[AstralSentient]

thank you! this at least tries to make sense. Only if you accept that the matter that composes the earth exert gravity, you have to explain why local differences in density don't cause the whole shebang to collapse with time into discrete spheres

The gravitational pull and normal-unit vectors cancel out on an infinite plane (being counterbalanced), giving stability. It is based on the uniform density of the plane, with a uniform gravitational pull across it [...]

that is a rather big assumption. It's a bit like the joke of the scientist trying to be a farmer: "assuming punctiform cows..."
It's also arguable. I understand that the earth is in fact not uniformly dense, and even small variations would accrue over time. Unless you're also assuming that it was created last Wednesday. 

It's been mathematically demonstrated on an infinite plane, as shown above (with Newtonian gravitation). The resulting equation has the density of the plane interdependent with its gravitational pull. So, the density of the plane determines it's gravitational pull (with the gravitational constant and depth of course), small variations in density all across the plane will be subject to the same uniform gravitational pull across it, the plane just needs density to have this stable gravitational pull. It is infinite, it is not subject to point masses like you seem to be assuming.

Different densities = different pulls. What's keeping the denser areas to pull material away from the less dense ones?
Consider ad absurdum having a neutron star buried in your backyard... Do you think that the rest of the ground would somehow counterbalance that?

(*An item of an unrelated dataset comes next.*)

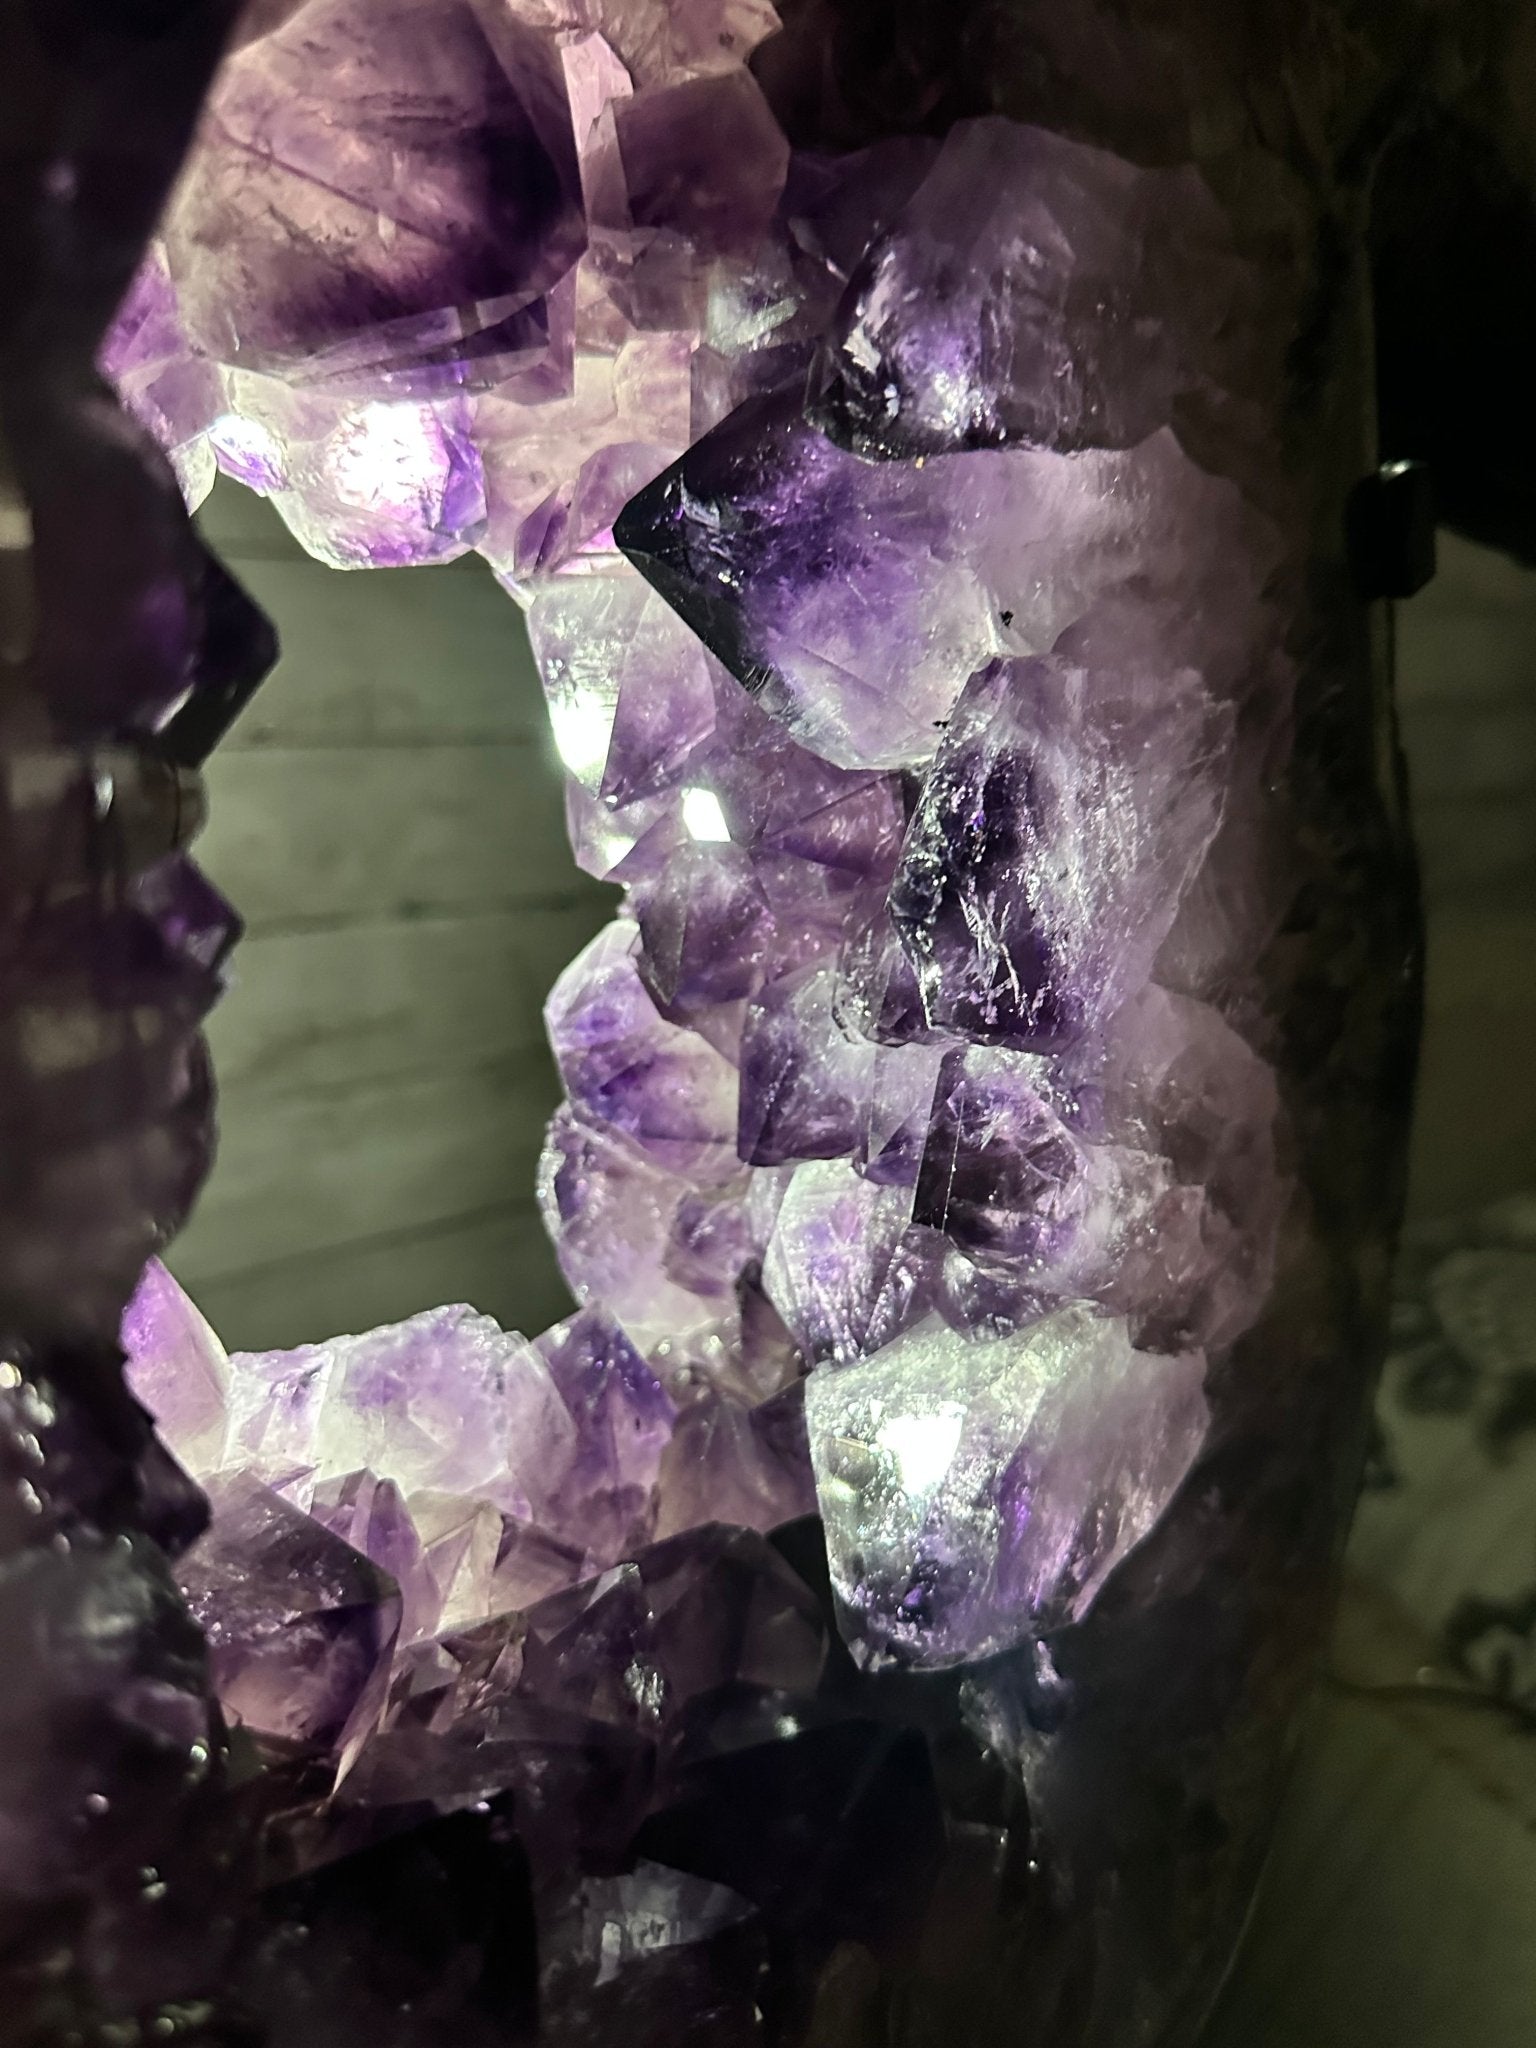 Super Quality Amethyst Portal, Rotating Stand, 171 lbs & 73" Tall #5604-0133 - Brazil GemsBrazil GemsSuper Quality Amethyst Portal, Rotating Stand, 171 lbs & 73" Tall #5604-0133Portals on Rotating Bases5604-0133

Again, you are misunderstanding it, it's the uniform pull of the plane. The infinite plane is what forms the pull in the first place.
The equation above has the density of the plane itself factored into the gravitational pull. All areas are part of the same uniform plane. It's not like point mass gravitation.
And I already answered that question, the normal unit vectors and gravitational cancel out on an infinite plane, making it stable. These vectors are infinitesimal.

According to your objection, on a spherical Earth, more dense areas will have greater gravitational pulls and less dense material will be pulled away. However, we know that the gravitational pull across Earth is a product of the entire mass and not particularly areas on its surface, as those all form the uniform mass of Earth and therefore it's uniform gravitational pull.

[Ga_x2]

Again, you are misunderstanding it, it's the uniform pull of the plane. The infinite plane is what forms the pull in the first place.
The equation above has the density of the plane itself factored into the gravitational pull. All areas are part of the same uniform plane. It's not like point mass gravitation.
And I already answered that question, the normal unit vectors and gravitational cancel out on an infinite plane, making it stable. These vectors are infinitesimal.

Please be patient, the last time I touched advanced math was 20 years ago.
The equation above has the end result of g being a function of density. If the density is higher, g will increase.
In more layman terms, are you telling me that if I bury a neutron star in my backyard nothing will happen?

According to your objection, on a spherical Earth, more dense areas will have greater gravitational pulls and less dense material will be pulled away. However, we know that the gravitational pull across Earth is a product of the entire mass and not particularly areas on its surface, as those all form the uniform mass of Earth and therefore it's uniform gravitational pull.

You can consider earth a point when calculating gravity, because it's a frickin' sphere. However, if you were to dig down, the gravity would decrease, as the earth above you pulls you "up". At the center, you would be de facto at 0 g.
Furthermore, we have slight variations of g due to different densities (https://en.wikipedia.org/wiki/Gravity_anomaly).
So no, there's nothing uniform in there.

[AstralSentient]

Please be patient, the last time I touched advanced math was 20 years ago.
The equation above has the end result of g being a function of density. If the density is higher, g will increase.
In more layman terms, are you telling me that if I bury a neutron star in my backyard nothing will happen?

It's an infinite plane, a neutron star wouldn't affect it's gravitational pull.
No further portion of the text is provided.